Information board at the entrance to the site

The tomb is constructed of massive stones (the largest weighs about 10 tonnes) and the monument stretches for an impressive 14 m. The interior of the chamber was excavated in the 1930s. Both human and animal bone was recovered and radiocarbon dating of the human remains indicated that the site had functioned as a burial site from about 2400 BC to around 1750 BC. Fragments of a decorated pottery vessel were also recovered. The earliest burial which was identified at a small end chamber consisted of a headless skeleton which was radiocarbon dated to 2456 – 2138 BC.

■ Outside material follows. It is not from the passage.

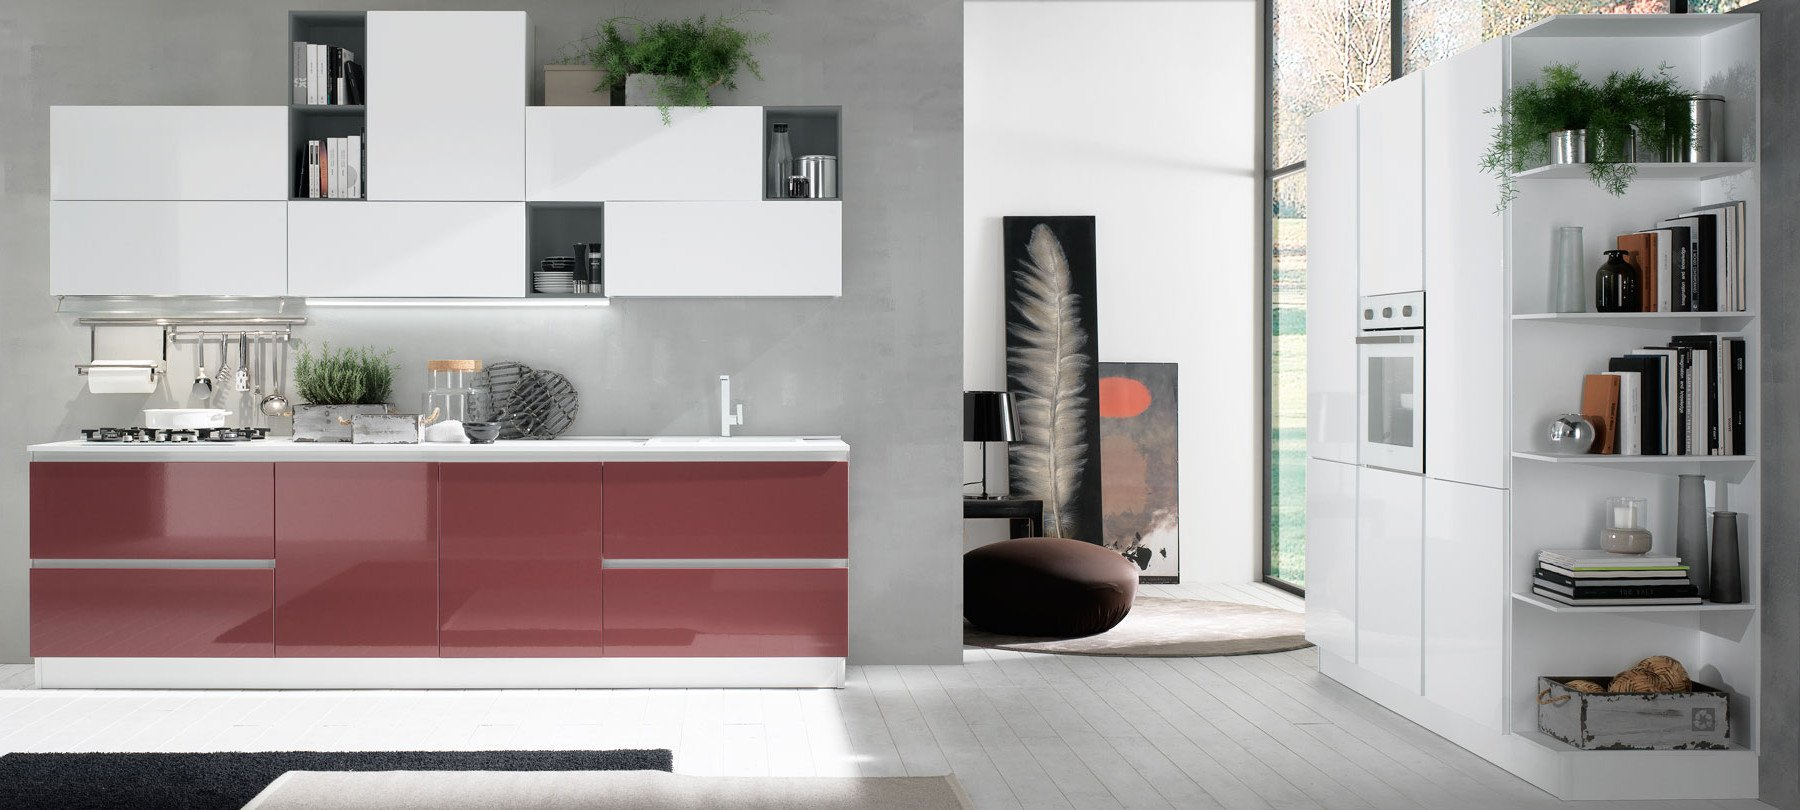 Cucine Moderne Cucine Berloni Avezzano Savina Mobili

View from the rear of the monument

Wedge tombs are part of the megalithic cult that developed across Europe with the introduction of agriculture and continued into the Bronze Age, where burial chambers began to be constructed using massive stones. With the introduction of agriculture population levels increased and people had more time and resources available for undertaking such massive projects as the construction of Labbacallee. Wedge tombs dominate at the end of the megalithic tradition and are believed to be tribal burial sites which may also have had relevance to territorial boundaries. The possibility has been raised that they served as repositories for ancestral bones and served as ceremonial centers for local populations. At Labbacallee the monument is aligned with the setting sun on the equinox (22nd March and 24thof September) when a beam of light shines into the chamber – no doubt significant dates for early agriculturists!

View inside the chamber

Megalithic tombs are very durable and as such tend to survive well in the landscape. The superstitious nature of the rural population in Ireland up until recent decades has also helped to protect monuments from destruction. It is not surprising that these massive monuments attracted folk traditions over the millennium that were handed down by story tellers from generation to generation – surely they were the work of giants or magic? The local tradition tells that Labbacallee was the bed of the wife of a druid Mogh Ruith. It is common for the pre-Christian goddesses to be referred to as ‘hags’ after the introduction of Christianity. The possibility exists that a local tribal deity had a link to this site which has been preserved in the local oral tradition. Amazingly the site was already 2000 years old by the arrival of Iron Age ‘Celtic’ culture in the locality: a true monument to some of the earliest social organization, religion and engineering on the Island of Ireland.

View from the neighbouring field- watch out for the electric fence!